Another Word on Word Count

Courtesy of Jay Lake‘s Link Salad, I give you a very good journal entry by Caren Johnson on word count.

I have a few things to say about this, but I’ll keep it concise, because, you know, word count.

1. Do what they tell you for the first book. You can be all special later, when and if they let you. Your goal is to break in.
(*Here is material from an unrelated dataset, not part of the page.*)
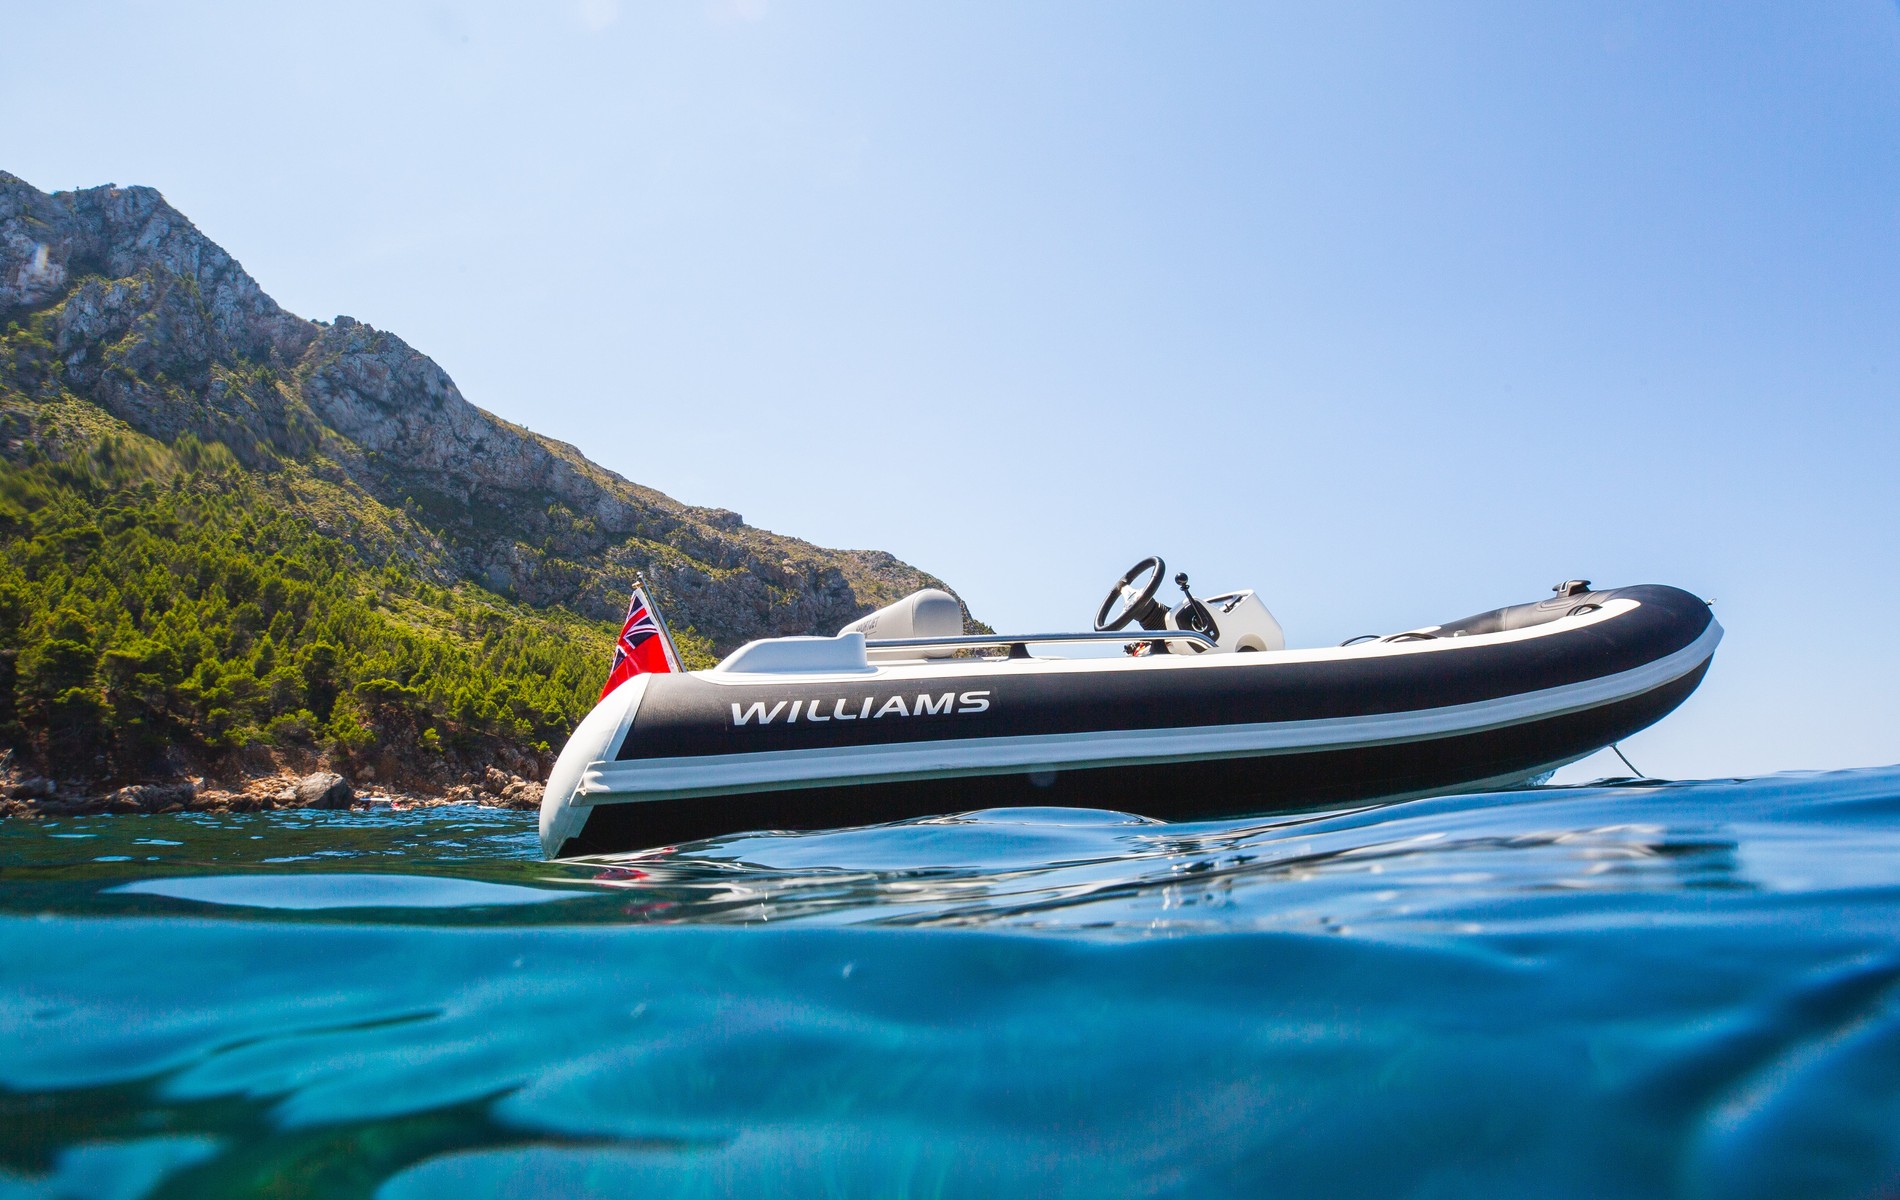 The 435 by Williams Jet Tenders

2. Caren says, “I think writers with those long sprawling manuscripts should rethink their word count. Look at the writers you admire and those who you’d like to compare your work to (another reason why I ask who your contemporaries are; those who don’t know better start reading to find out). Are their books longer or shorter than yours? Are you making yours longer because its essential to tell your story or because you’re trying to match their writing style? Think about all this before you submit that 100,000 plus word manuscript to more agents. It could be the difference between getting an offer or representation vs hearing that your story took too long to grab them or sagged during the middle and that’s why they’re passing on your book.”
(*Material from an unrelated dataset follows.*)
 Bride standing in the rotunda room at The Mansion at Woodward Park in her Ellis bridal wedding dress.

Food for thought. I am always on the other end of the spectrum. My initial manuscripts are short, and I usually plump them up with more details that are essential to the story. I envy those of you with words to spare.


Author: Catherine Schaff-Stump

Catherine Schaff-Stump writes fiction for children and young adults. Her most recent book, The Vessel of Ra, is the first book in the Klaereon Scroll series. She is currently working on its sequel, as well as penning the middle grade adventures of Abigail Rath, monster hunter.

2 thoughts on “Another Word on Word Count”

  1. Yea and verily tis mightly necessary to not snitch thy neighbor’s writing style.

    To many fellow newbie writers go the “I gotta get me a trilogy going” as their first offering. Then they get bound up in the language and wander around the middle were are the tunnels look alike and they’re bound to be eaten by a Grue.

    And I’m always grateful to find other writers who plump up their second drafts. That was an amazing revelation when somebody told me I should do that instead of trying to cut 25%. It was like having the Golden Ticket handed to me.

  2. I always think of the first several drafts as a sketch, because I’m so focused on dialogue and plot and since I can see the stuff in my head, I always take the visual for granted, until I can go back and pay attention to the scenery.